▸ What the exercise asks:
Make an exact transcript of the lines in the data below, starting with the one containing "Vigilante: Boku no" and going on through the one containing "sticker-02 von YSRWTBBA", with both included and the pictures left out.

▸ Data for the task:
╭──

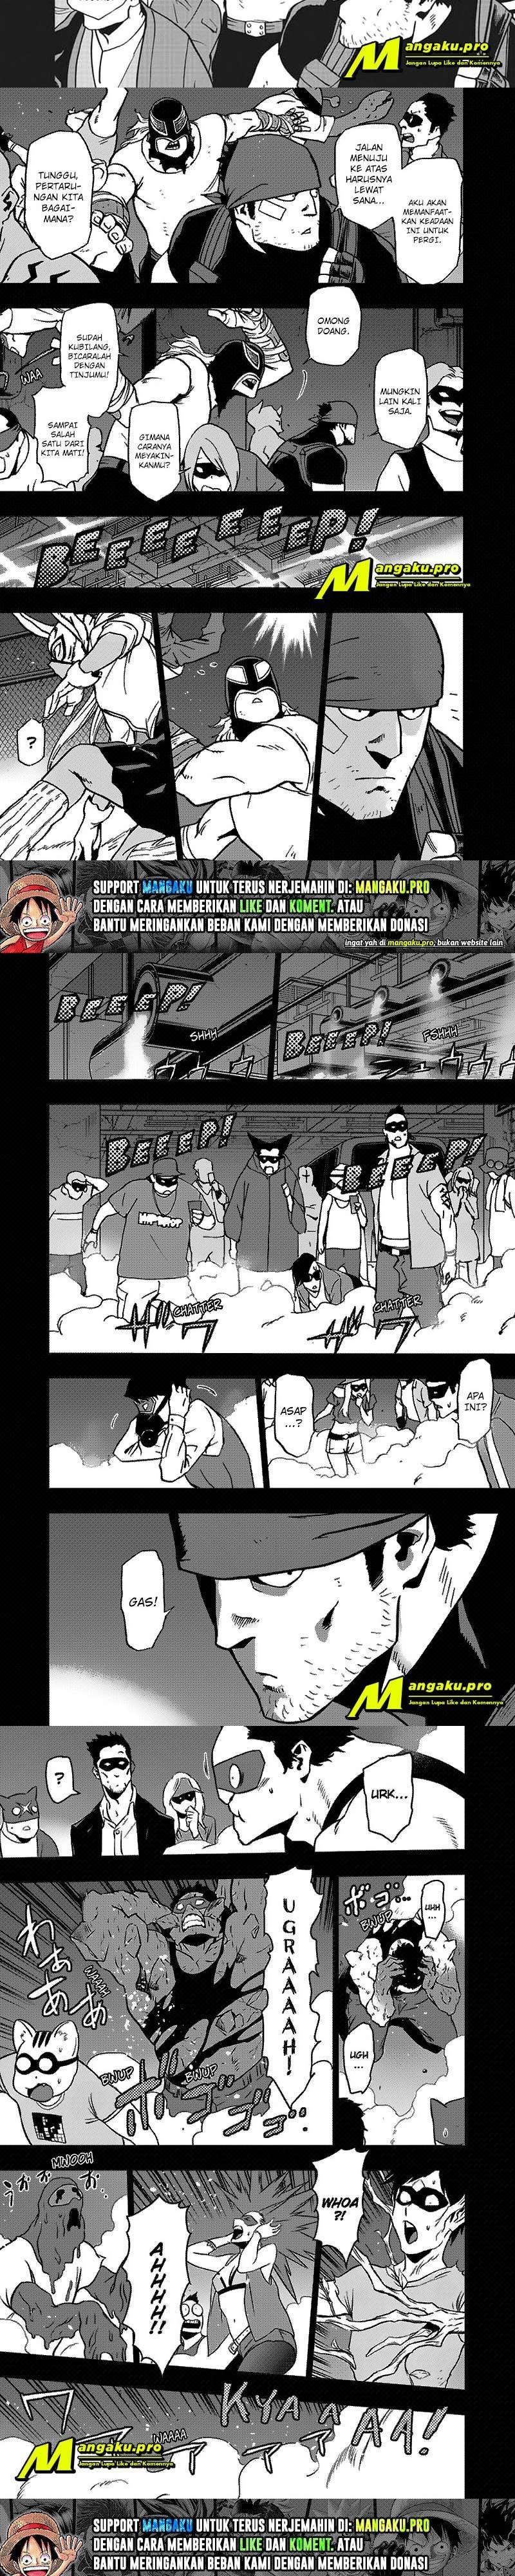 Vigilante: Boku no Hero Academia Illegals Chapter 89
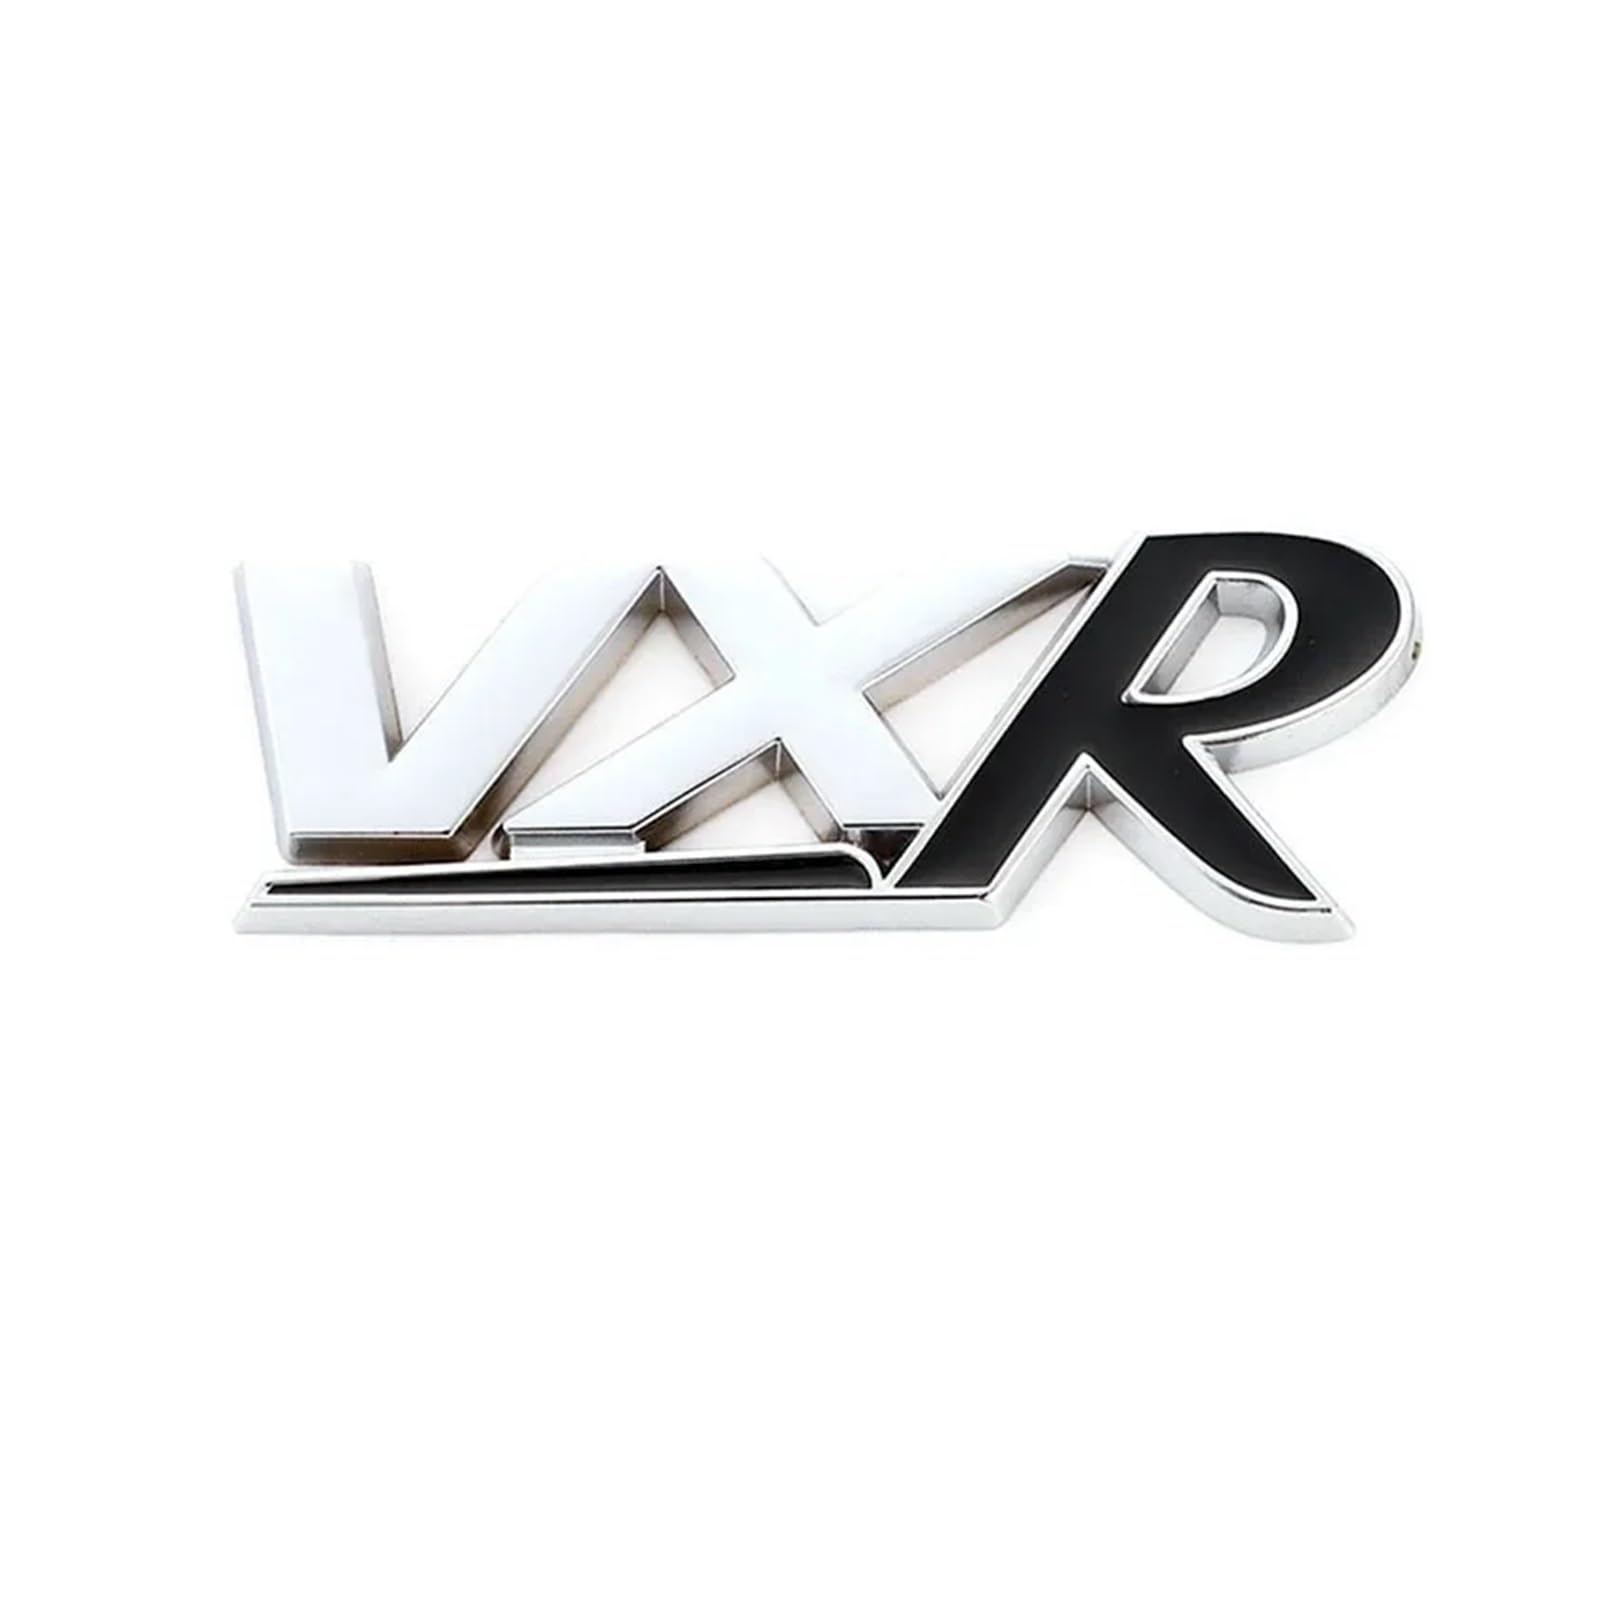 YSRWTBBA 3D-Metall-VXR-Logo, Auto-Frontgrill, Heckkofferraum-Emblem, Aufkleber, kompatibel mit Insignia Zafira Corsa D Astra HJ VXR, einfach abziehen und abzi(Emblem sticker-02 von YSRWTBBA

╰──
╭──

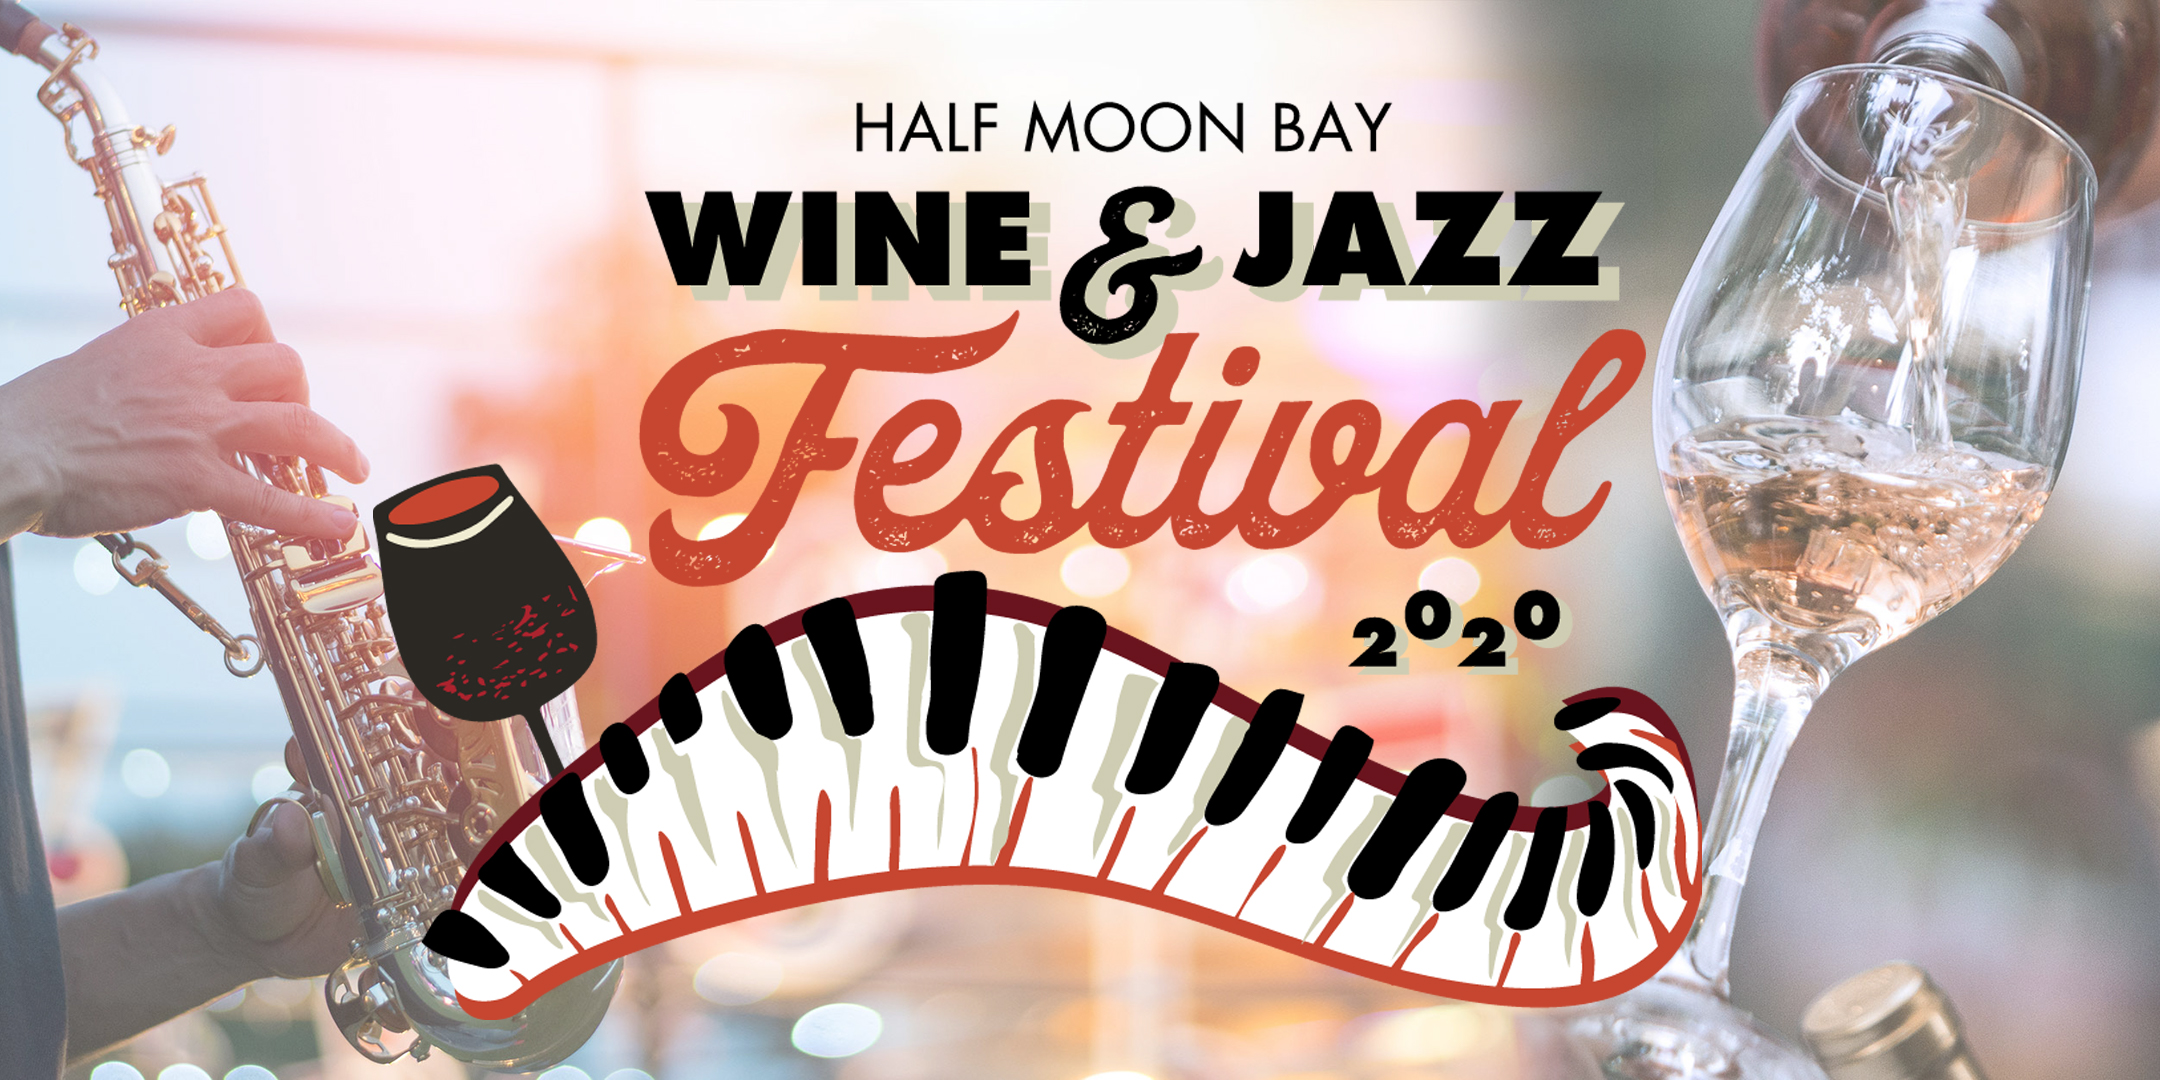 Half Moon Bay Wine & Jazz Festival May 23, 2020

╰──

▸ Answer for this exercise:
 Vigilante: Boku no Hero Academia Illegals Chapter 89
 YSRWTBBA 3D-Metall-VXR-Logo, Auto-Frontgrill, Heckkofferraum-Emblem, Aufkleber, kompatibel mit Insignia Zafira Corsa D Astra HJ VXR, einfach abziehen und abzi(Emblem sticker-02 von YSRWTBBA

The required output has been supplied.